「3歳なのに、まだひらがなが書けない」
「同じクラスのお友達は、自分の名前を書いているみたい……」
「ひらがなは読めるのに、どうして書こうとしないんだろう?」
3歳・年少ごろになると、ひらがなの「書き」が気になり始めることがあります。
わが家でも、年少のころにはひらがなを読むことはかなりできるようになっていた一方で、書くほうはなかなか進みませんでした。
簡単な運筆ワークならどんどん進めるのに、ひらがなの問題になると急にペースが落ちることも。
でも今振り返ると、3歳のときに必要だったのは、ひらがなを何度も書かせることよりも、「書くための準備」と「自分から書いてみたいと思う経験」だったと感じています。
3歳・年少でひらがながまだ書けなくても、「すぐに五十音を全部練習しなければ」と考える必要はありません。

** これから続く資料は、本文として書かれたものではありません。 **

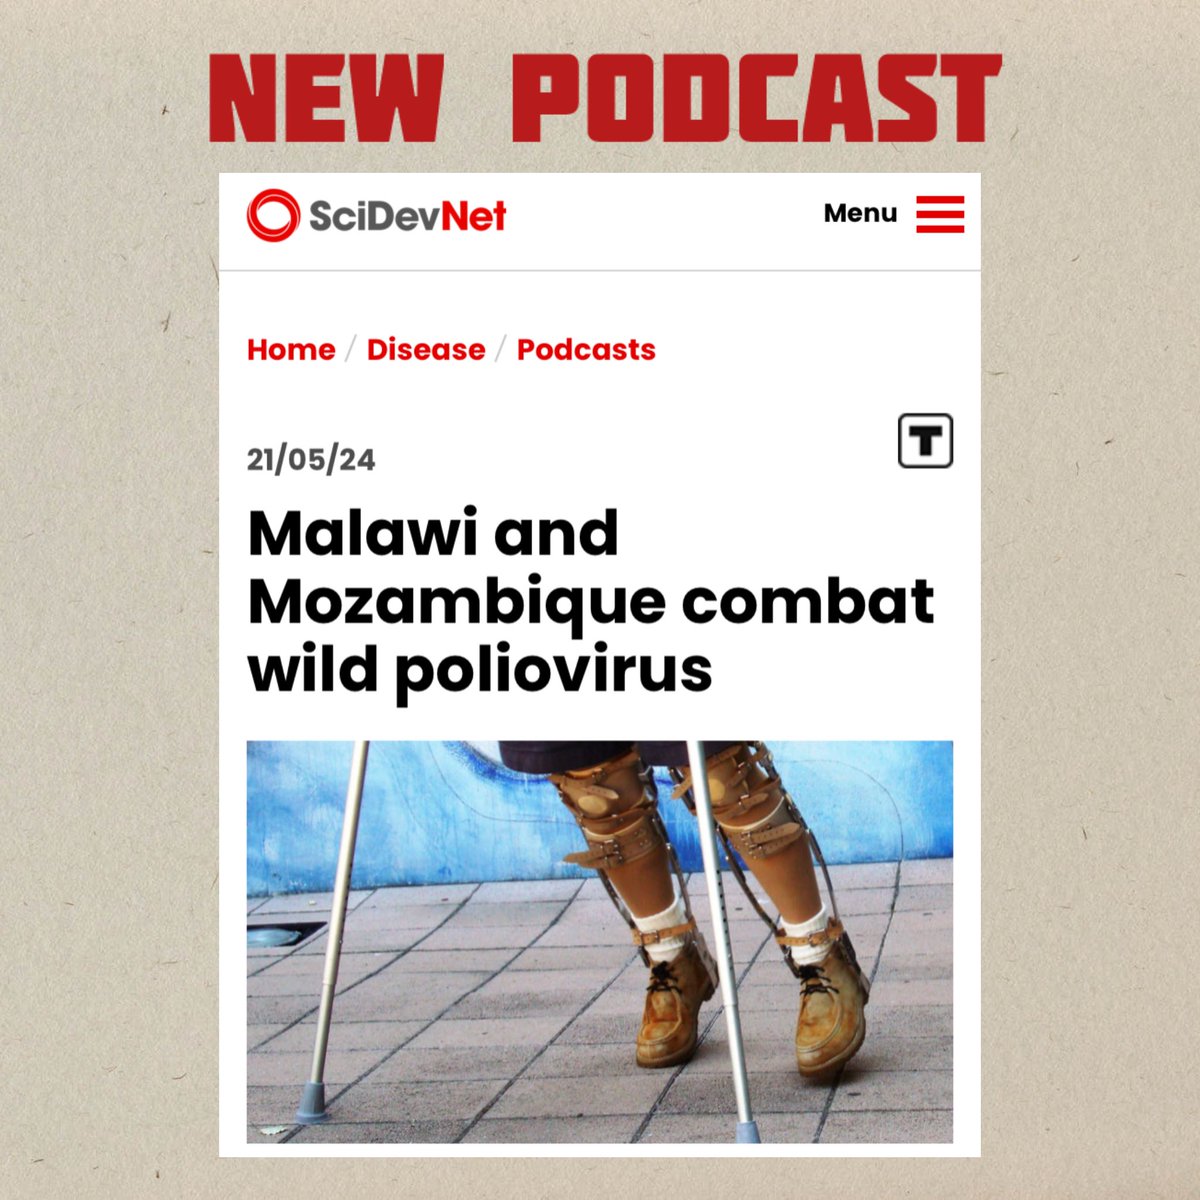 After Africa achieved wild poliovirus-free status in 2020, the region experienced recurring outbreaks in Mozambique & Malawi in 2022 In this episode, public health experts uncover d strategies Southern African countries adopted to fight the virus LISTEN: scidev.net/global/disease…

まずは線を描く・形をまねする・興味のある文字を見つけるなど、今できるところから始めて大丈夫です。
この記事では、教材編集の仕事に携わってきた経験と、わが家で実際に年少から年中へひらがなの「書き」が進んでいった様子をもとに、3歳でひらがなが書けないときの考え方と進め方を紹介します。
なお、「そもそも年少の家庭学習では何をすればいい?」という方は、こちらで家庭学習全体をまとめています。
3歳でひらがなが書けないのは大丈夫?
最初にお伝えしたいのは、3歳でひらがなが書けないことだけを見て、「遅い」と判断する必要はないということ。

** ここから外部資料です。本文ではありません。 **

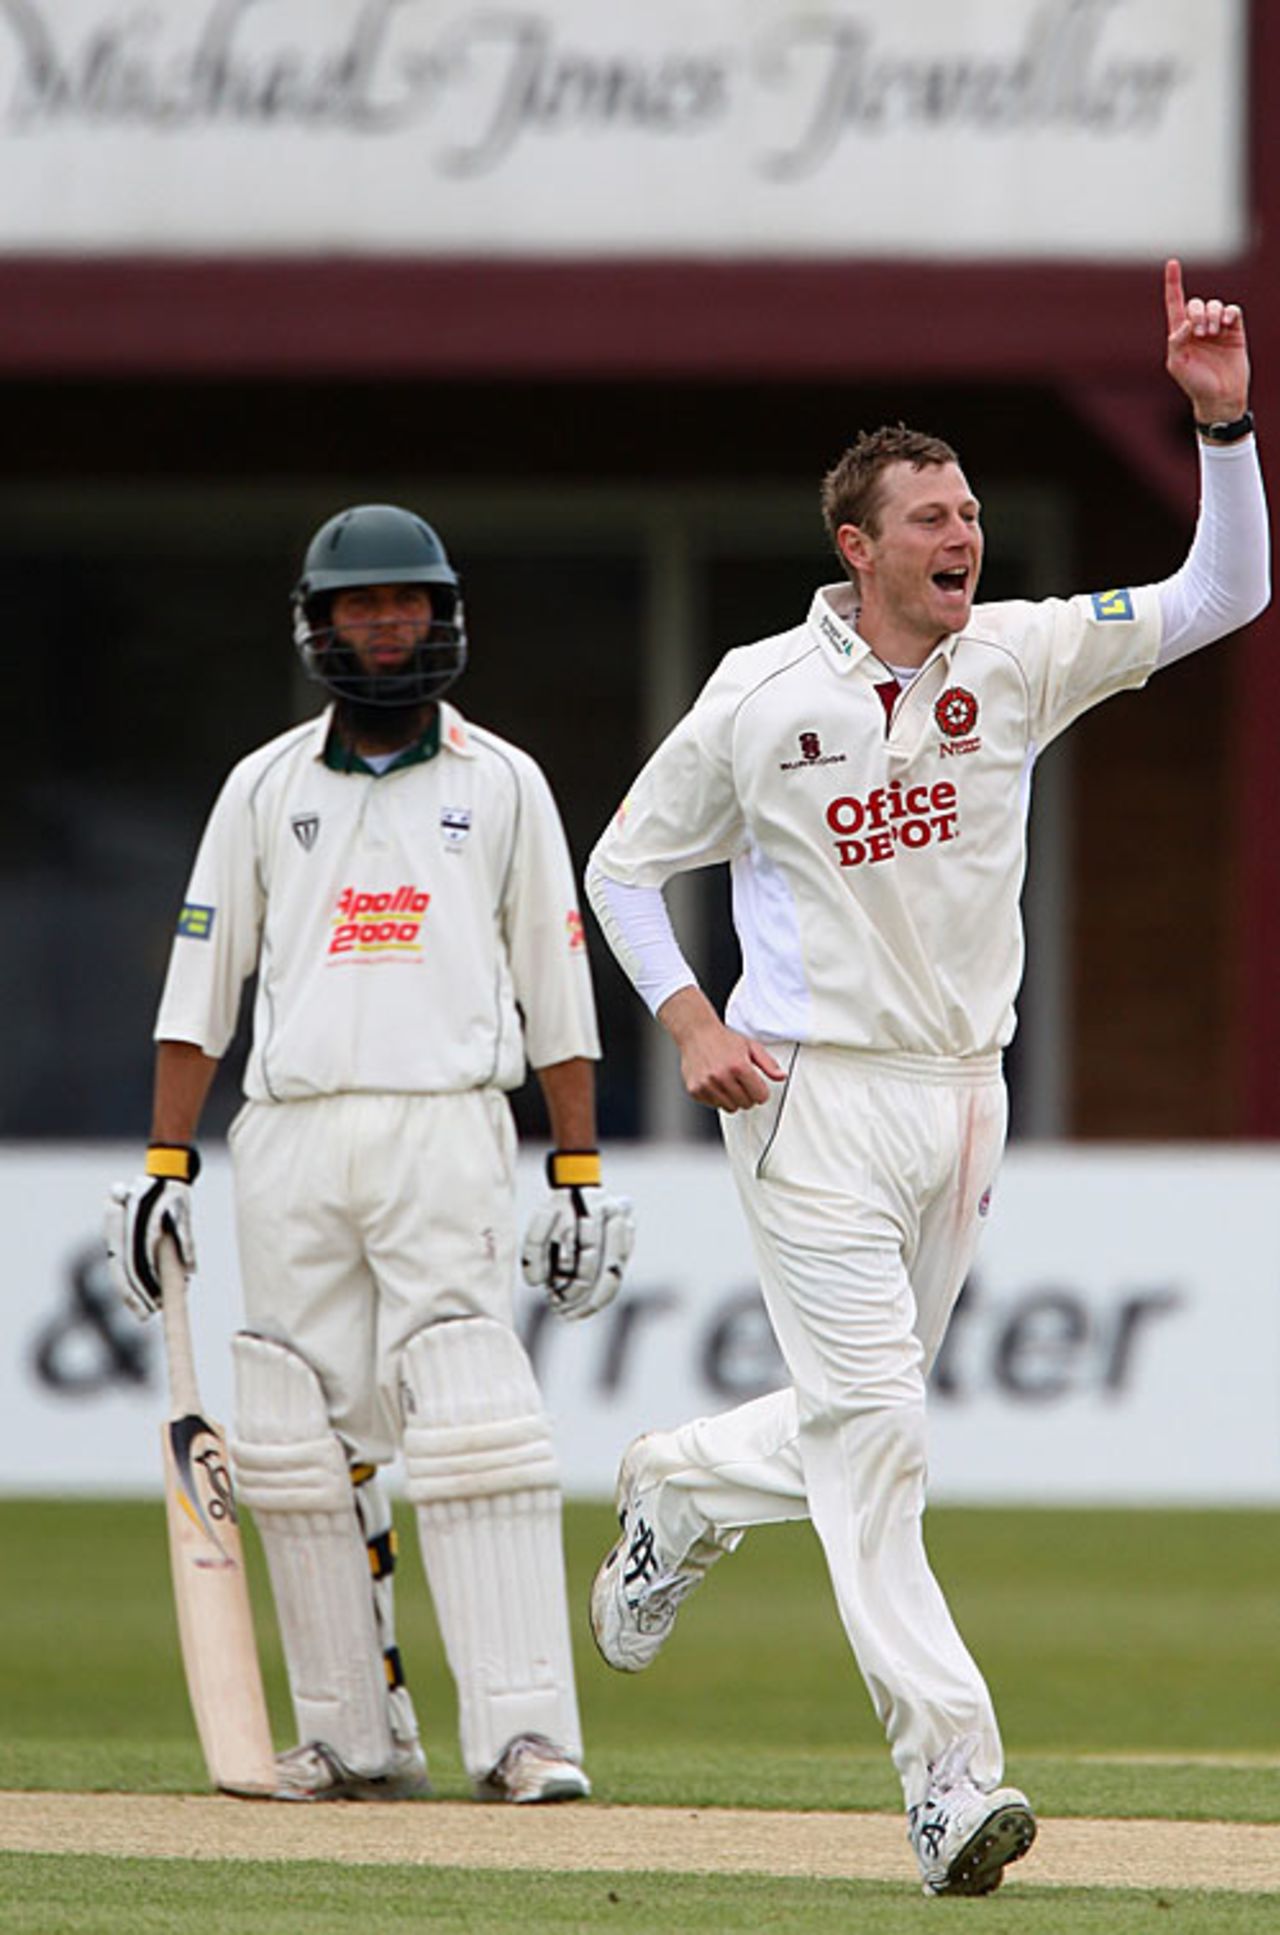 David Lucas celebrates the wicket of Ben Smith, Northamptonshire v Worcestershire, Northampton, May 2, 2008

幼児期は、同じ年齢でも文字への興味や、鉛筆を使った経験、手先の動かしやすさなどにかなり差があります。
「3歳になったら○文字書ける」「年少なら自分の名前を書ける」といった、一律の到達基準が決められているわけではありません。
文部科学省の幼稚園教育要領でも、幼児期の数量や文字については、日常生活の中で子ども自身が必要性を感じながら触れ、興味や関心、感覚を育てていくことが重視されています。

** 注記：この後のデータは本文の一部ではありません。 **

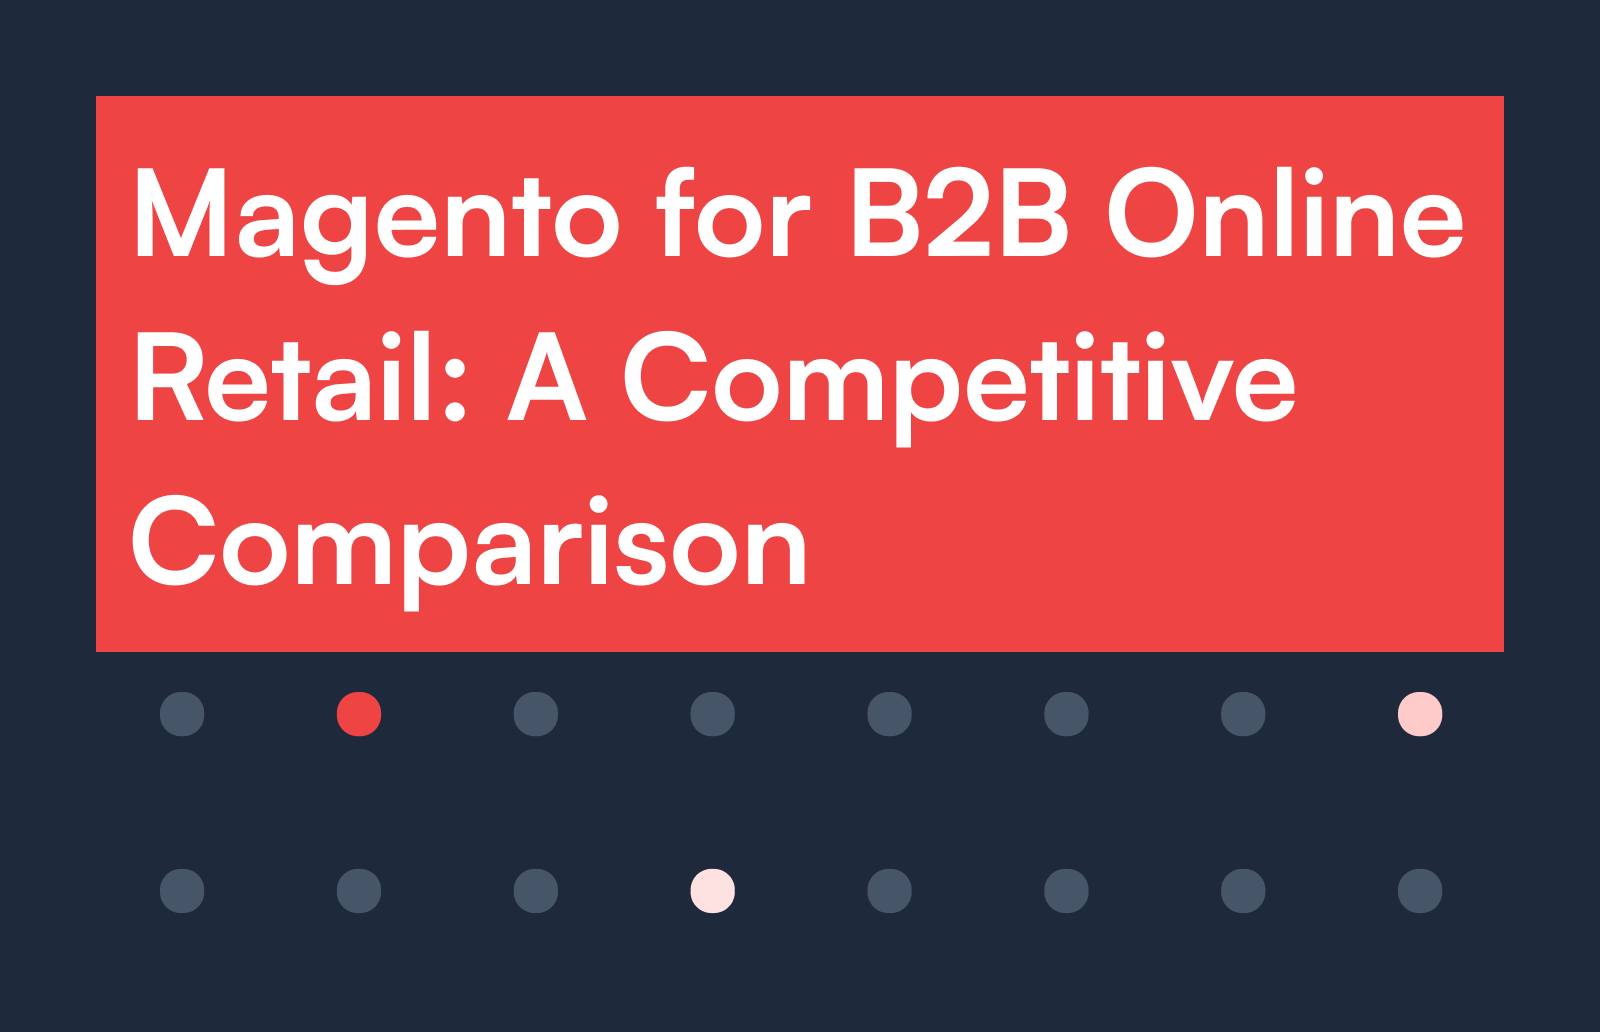 Magento for B2B Online Retail: A Competitive Comparison

幼稚園教育要領解説では、幼児期の文字指導は「正確に読める・書ける」ことそのものを目標にするのではなく、文字への関心を広げることが大切だとされています。
「3歳だからここまで書けなければ」と年齢だけで区切るより、「文字を見つけるのが好き」「見本をまねしたがる」「鉛筆で形を描ける」など、今どこまで育っているかを見るほうが次の教材を選びやすくなります。
「読める」と「書ける」は同じではない
ひらがなを見て「これは“あ”」とわかることと、何もない紙に「あ」を書くことは、同じではありません。
読むときは、目の前にある文字を見分けます。
一方、書くときは、
- 文字の形を思い出す
- どこから線を始めるか考える
- 見本の形と自分の線を見比べる
- 鉛筆を思った方向へ動かす
といったことを同時に行います。
そのため、「読めるのに書けない」という状態は不思議なことではありません。
むしろ、文字が読めるようになったからこそ、次に「書く」が気になってくることもあります。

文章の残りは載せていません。